"The new, independently-verified resource estimate now places Kamoa-Kakula ahead of Indonesia's Grasberg deposit as the world's fourth-largest copper discovery on the planet in terms of contained copper," executive chairman Robert Friedland said.
Kakula now contains an indicated 174 million tonnes at 5.62% copper, plus an inferred 9Mt at 3.66% copper, at a 3% cut-off.
It takes the combined Kamoa-Kakula indicated resource to 1.03 billion tonnes at 3.17% copper for 72 billion pounds, at a 1.5% cut-off.
"If we lower the copper cut-off grade to 1%, which is higher than the mining grades at most of the world's major copper mines, we could be mining almost 3% copper at Kakula for approximately 100 years," Friedland said.
The company said the Kakula mineralisation was thicker and higher grade than elsewhere on the Kamoa licence and presented "transformational opportunities" for the project's development.
Proposed changes to the country's mining code sent Ivanhoe's share price plummeting earlier this month to a 52-week low of C$2.73 but the company said it had recently had "constructive discussions" regarding a review of the 2002 code.

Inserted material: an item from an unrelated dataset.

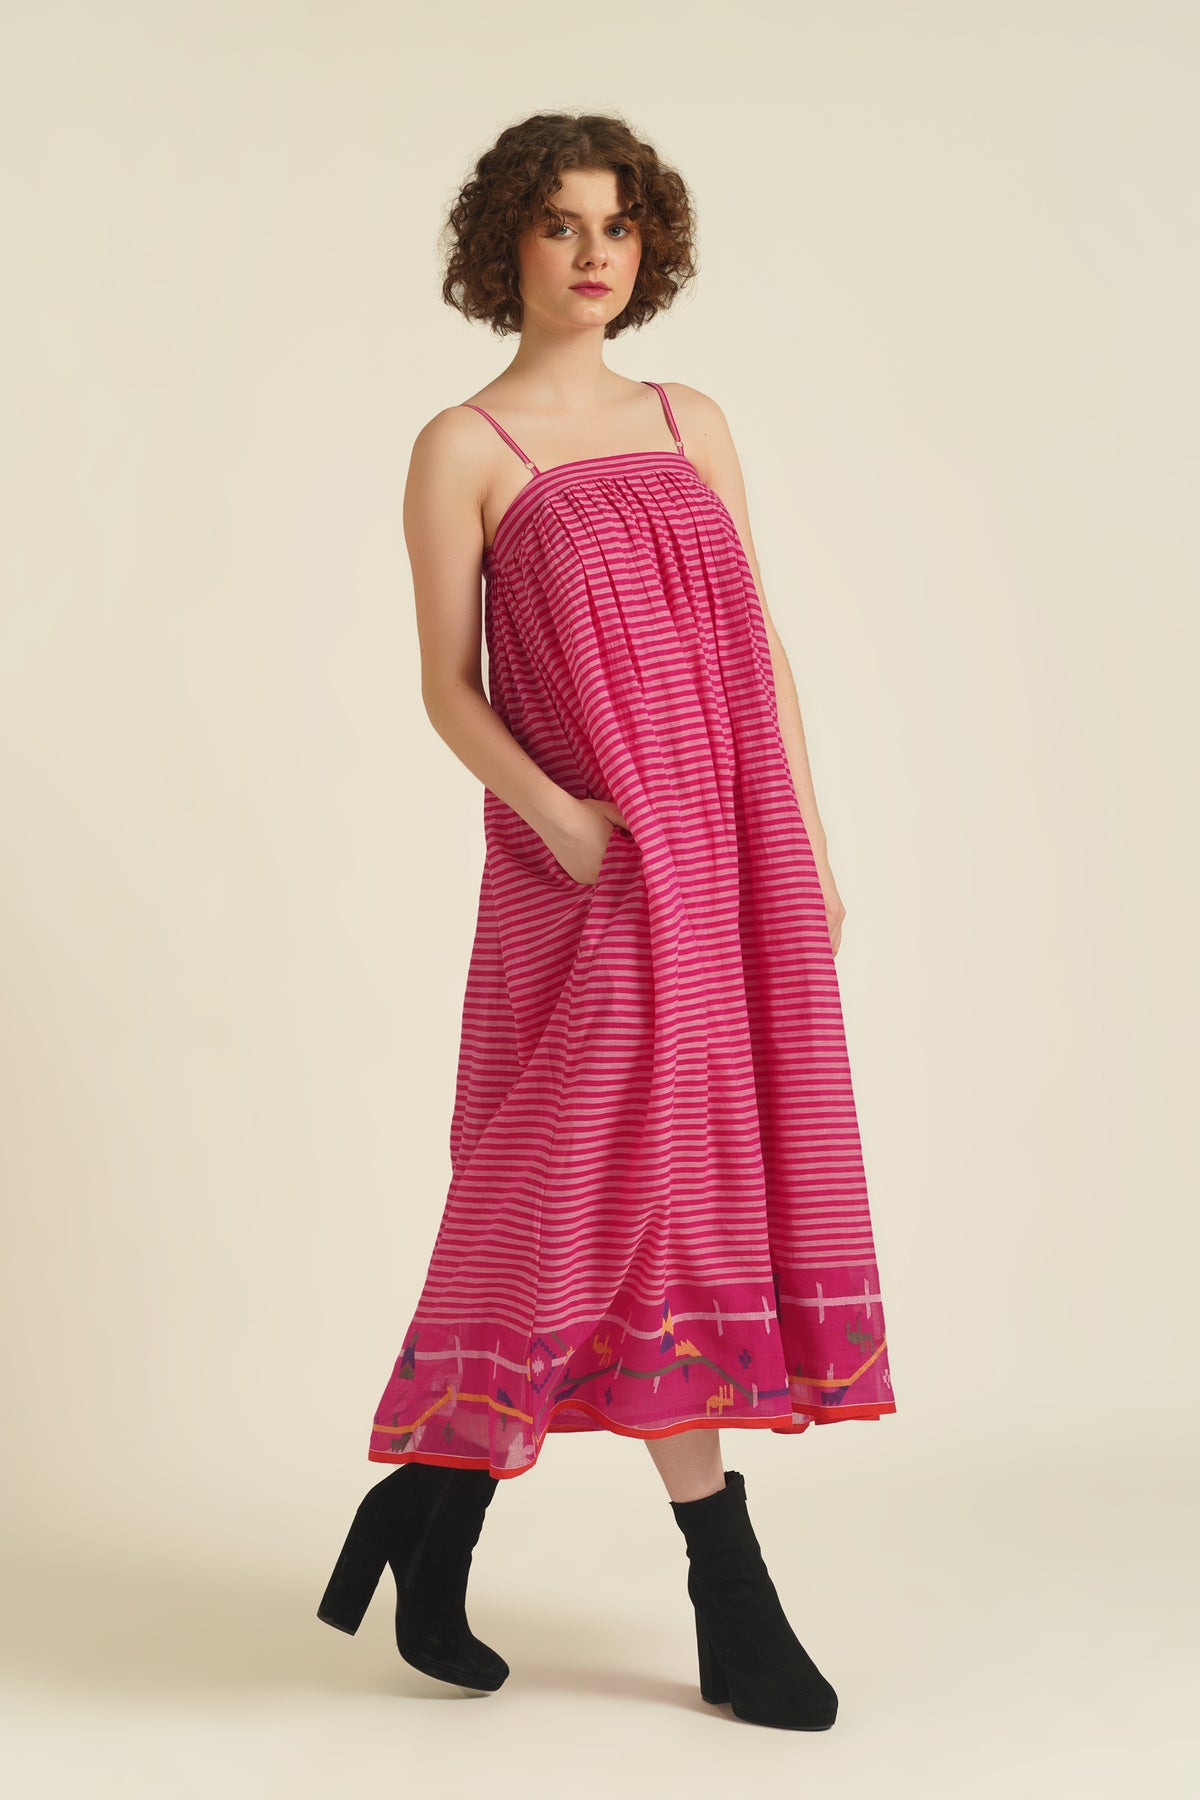 ROYALE XII Pink Dress
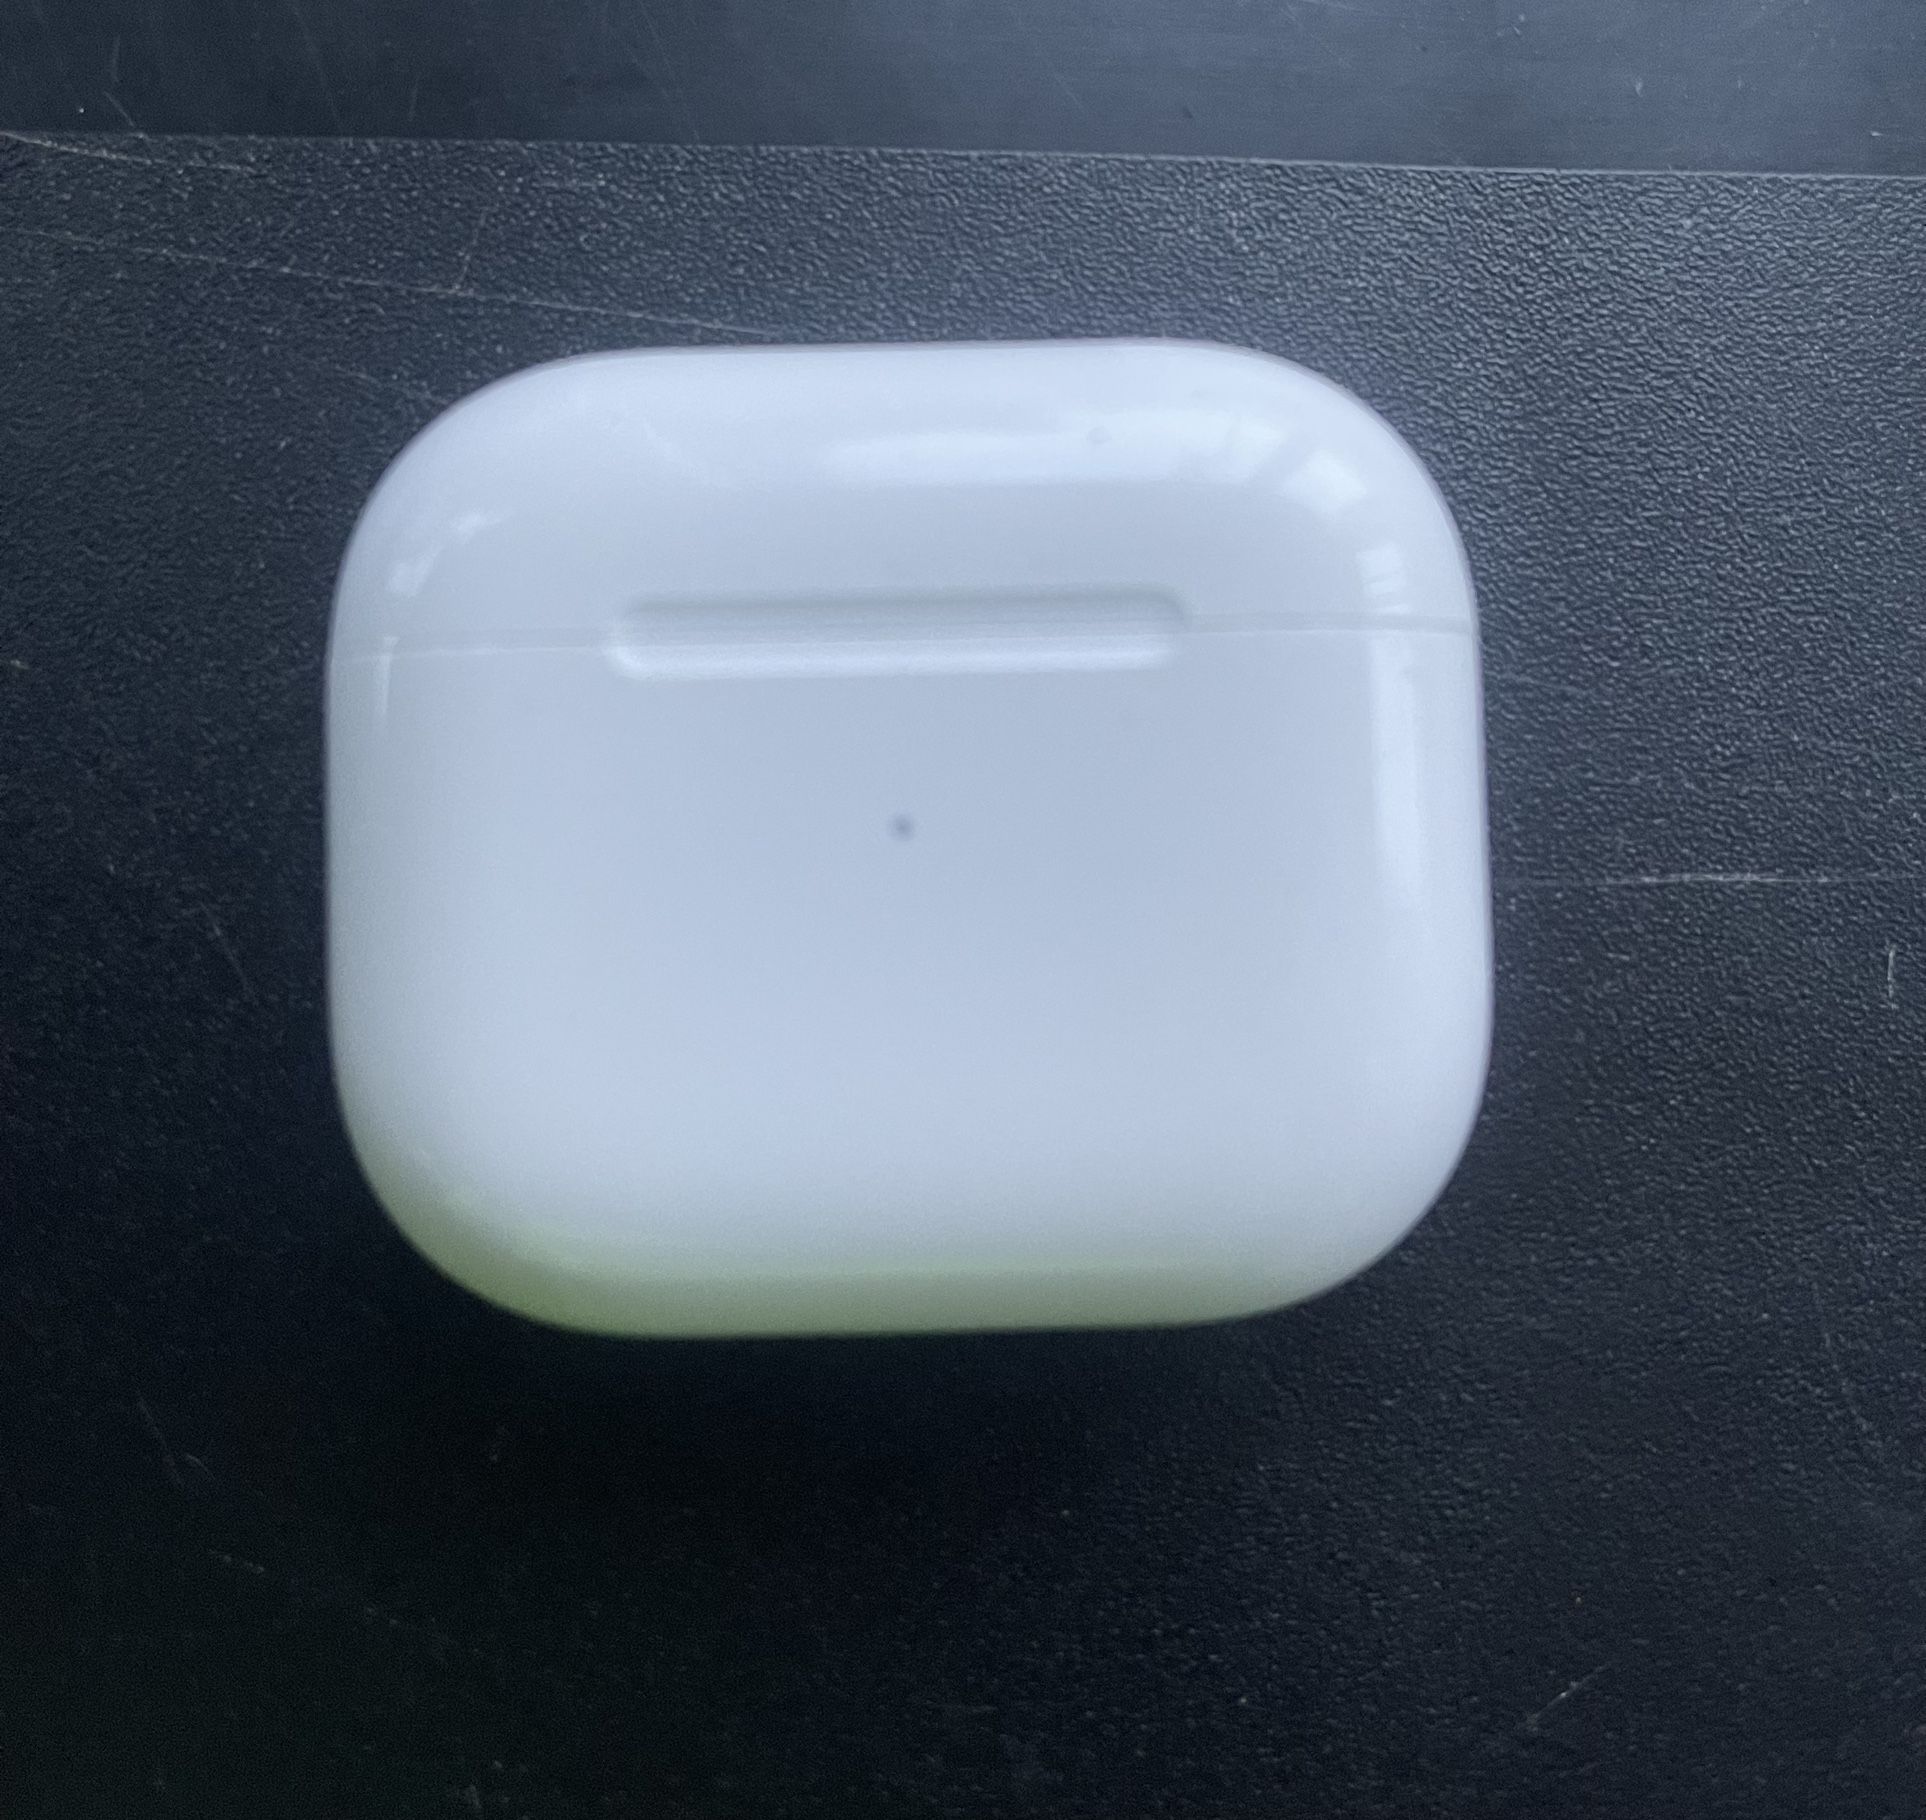 Apple Airpods 3rd Gen Charging Case

"Ivanhoe Mines has received specific assurance that a detailed consultation process will commence in the near future with the goal of reaching a collaborative, sustainable and stable long-term fiscal and regulatory framework that provides the foundation for the continued development of the mineral resources sector, and helps create a brighter future for all the citizens of the DRC," it said.
Its shares were up 4.79% to $3.28, capitalising it at $2.6 billion.